# Suggest uses for extra hardwood flooring?



## Joining_Heads (May 27, 2007)

Thats about two bundles right. We usally keep one and take the rest back. I always take the Brazilian woods back since there is no need to harbor it due to the impact of harvesting it. :thumbsup:


----------



## Zel1 (Mar 21, 2007)

I special ordered it. I dont think the store would take it back, but I could be wrong. I dont know if someone else would want it anyway because it would not be from the same lot as any made later. ???


----------



## yummy mummy (Sep 11, 2006)

I once saw on a decorating show, where they put it on a wall in a restaurant.
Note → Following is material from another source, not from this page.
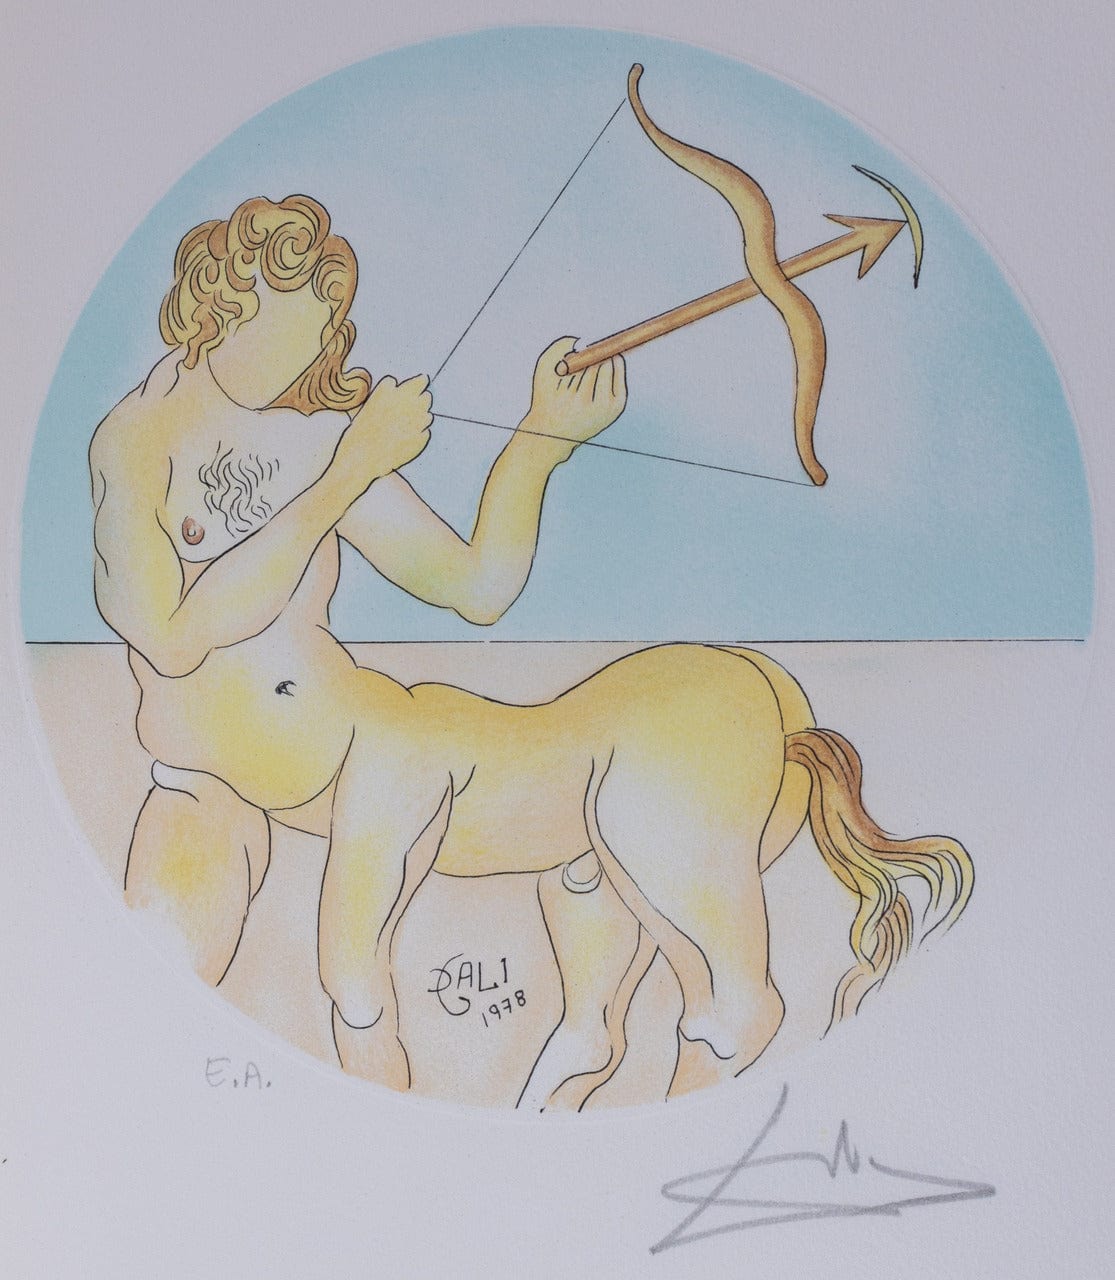 Salvador Dali; "Sagittarius" - Zodiac Suite Front
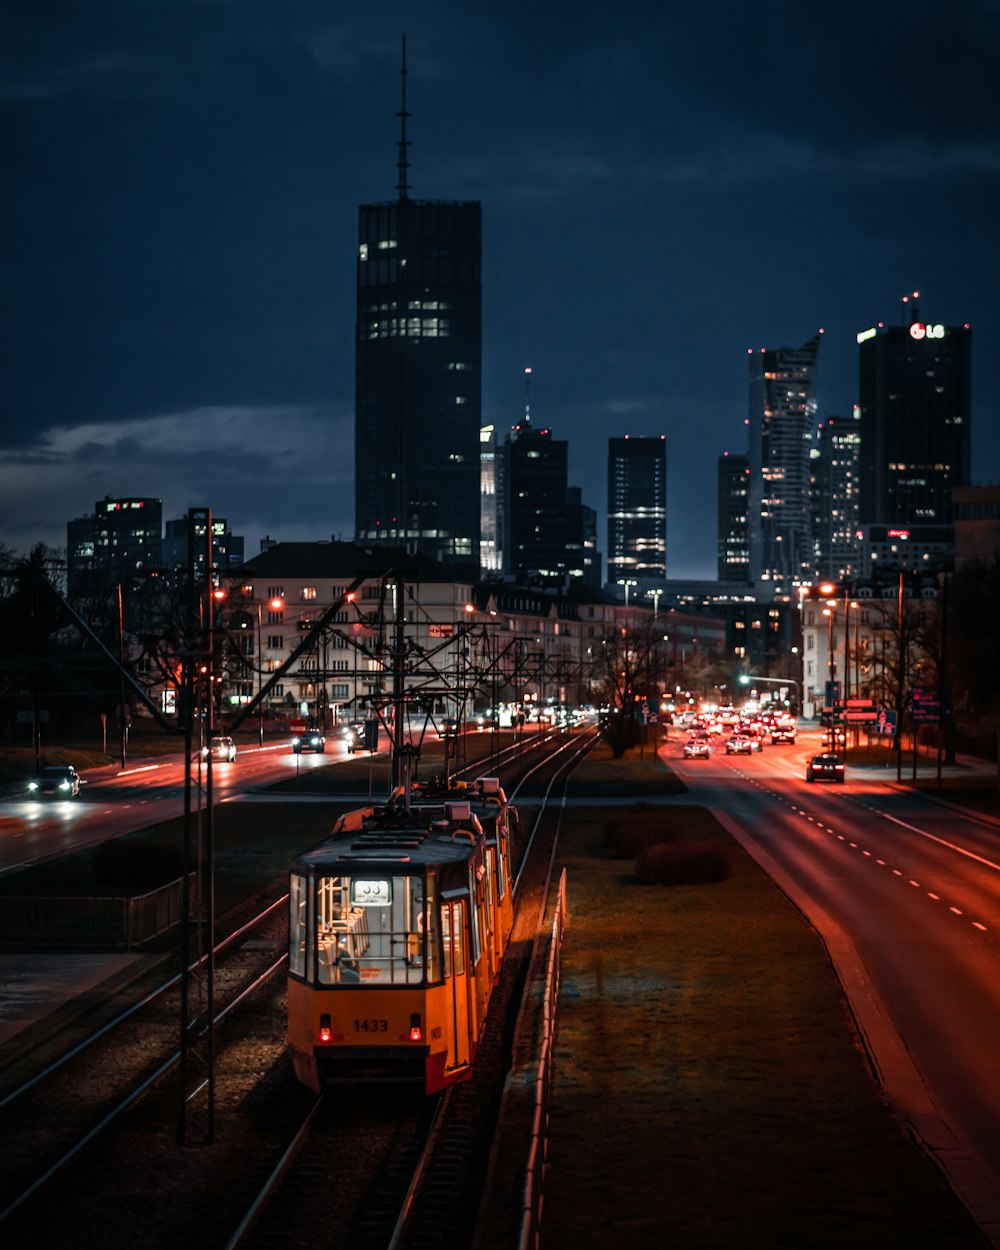 a train traveling down train tracks near a city at night

It was only one wall, and it looked really nice.


----------



## Jeekinz (Jan 29, 2007)

Maybe sell it on Craigslist. That's enough for a small foyer or bathroom.


----------



## ocoee (May 31, 2007)

I have about the same amount left over
I'm going to try to use it on the kitchen counter top in my "shed"


----------



## Darylh (Jan 2, 2006)

Here is some idea's using it inlaid:
Serving trays, coasters,wall plaques,a feture in a floor,cabinet doors or drawer fronts, Man oh Man the idea's are endless.


----------



## Zel1 (Mar 21, 2007)

:thumbsup:


----------



## rolldodge (Jun 28, 2007)

Planter boxes too.

Or you can donate it to habitat for humanity!


----------



## WILDLILY (Aug 10, 2007)

You could cover the top to an old desk. I did this with leftover vinyl wood pattern and put a glass top on it. It looks great.


----------